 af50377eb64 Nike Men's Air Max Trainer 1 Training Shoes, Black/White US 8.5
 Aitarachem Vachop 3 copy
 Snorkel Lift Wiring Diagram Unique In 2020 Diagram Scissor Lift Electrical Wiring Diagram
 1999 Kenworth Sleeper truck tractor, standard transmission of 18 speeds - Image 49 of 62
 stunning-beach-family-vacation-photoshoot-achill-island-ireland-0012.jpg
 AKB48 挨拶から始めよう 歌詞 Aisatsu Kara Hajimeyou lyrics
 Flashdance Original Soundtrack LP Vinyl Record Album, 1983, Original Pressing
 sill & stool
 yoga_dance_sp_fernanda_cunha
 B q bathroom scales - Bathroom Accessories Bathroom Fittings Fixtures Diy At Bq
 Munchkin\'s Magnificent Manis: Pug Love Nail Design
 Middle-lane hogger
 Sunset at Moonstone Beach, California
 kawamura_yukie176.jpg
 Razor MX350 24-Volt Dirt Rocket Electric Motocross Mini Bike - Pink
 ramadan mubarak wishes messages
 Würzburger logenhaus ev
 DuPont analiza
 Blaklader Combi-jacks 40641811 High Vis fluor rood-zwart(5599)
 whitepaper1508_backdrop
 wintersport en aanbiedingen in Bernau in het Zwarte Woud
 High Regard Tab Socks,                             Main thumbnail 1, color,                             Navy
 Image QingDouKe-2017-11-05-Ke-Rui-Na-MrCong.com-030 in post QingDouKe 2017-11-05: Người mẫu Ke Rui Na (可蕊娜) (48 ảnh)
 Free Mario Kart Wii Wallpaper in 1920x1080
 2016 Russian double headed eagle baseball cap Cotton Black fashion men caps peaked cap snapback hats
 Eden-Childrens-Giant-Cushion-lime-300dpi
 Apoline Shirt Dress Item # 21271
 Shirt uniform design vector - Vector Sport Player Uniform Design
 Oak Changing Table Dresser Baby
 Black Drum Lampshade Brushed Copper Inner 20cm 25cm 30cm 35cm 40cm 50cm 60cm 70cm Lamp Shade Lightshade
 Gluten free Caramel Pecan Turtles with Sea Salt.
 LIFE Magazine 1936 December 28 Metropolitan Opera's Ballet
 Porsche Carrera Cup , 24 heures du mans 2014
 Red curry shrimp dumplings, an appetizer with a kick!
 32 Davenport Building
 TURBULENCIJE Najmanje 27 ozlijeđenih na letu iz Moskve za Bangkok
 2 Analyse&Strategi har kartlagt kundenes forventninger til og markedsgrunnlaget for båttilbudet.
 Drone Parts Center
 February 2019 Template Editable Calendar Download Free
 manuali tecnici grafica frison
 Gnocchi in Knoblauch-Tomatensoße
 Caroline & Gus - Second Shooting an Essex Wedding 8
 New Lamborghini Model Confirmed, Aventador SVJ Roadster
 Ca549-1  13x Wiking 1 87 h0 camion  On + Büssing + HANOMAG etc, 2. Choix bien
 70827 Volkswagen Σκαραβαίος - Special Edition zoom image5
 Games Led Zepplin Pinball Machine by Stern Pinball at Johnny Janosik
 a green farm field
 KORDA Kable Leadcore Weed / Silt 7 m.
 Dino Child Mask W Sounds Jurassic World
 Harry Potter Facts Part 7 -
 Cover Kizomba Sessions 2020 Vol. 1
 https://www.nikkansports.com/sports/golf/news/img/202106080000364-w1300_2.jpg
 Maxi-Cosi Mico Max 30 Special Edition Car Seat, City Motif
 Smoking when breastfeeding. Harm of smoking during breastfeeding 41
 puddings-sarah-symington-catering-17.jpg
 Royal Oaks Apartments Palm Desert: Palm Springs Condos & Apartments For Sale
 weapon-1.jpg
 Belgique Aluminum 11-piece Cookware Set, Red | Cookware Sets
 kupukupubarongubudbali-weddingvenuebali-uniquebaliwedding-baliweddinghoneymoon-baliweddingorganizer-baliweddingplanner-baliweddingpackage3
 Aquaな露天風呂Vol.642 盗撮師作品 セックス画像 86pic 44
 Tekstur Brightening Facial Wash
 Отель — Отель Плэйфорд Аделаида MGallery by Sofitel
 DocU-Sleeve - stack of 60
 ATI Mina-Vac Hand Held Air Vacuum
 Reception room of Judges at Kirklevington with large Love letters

++++++++++++++++++++

▶ [Problem details]
Repeat the entries above exactly, from the first line through the line containing "AKB48 挨拶から始めよう 歌詞".

▶ [Result below]
 af50377eb64 Nike Men's Air Max Trainer 1 Training Shoes, Black/White US 8.5
 Aitarachem Vachop 3 copy
 Snorkel Lift Wiring Diagram Unique In 2020 Diagram Scissor Lift Electrical Wiring Diagram
 1999 Kenworth Sleeper truck tractor, standard transmission of 18 speeds - Image 49 of 62
 stunning-beach-family-vacation-photoshoot-achill-island-ireland-0012.jpg
 AKB48 挨拶から始めよう 歌詞 Aisatsu Kara Hajimeyou lyrics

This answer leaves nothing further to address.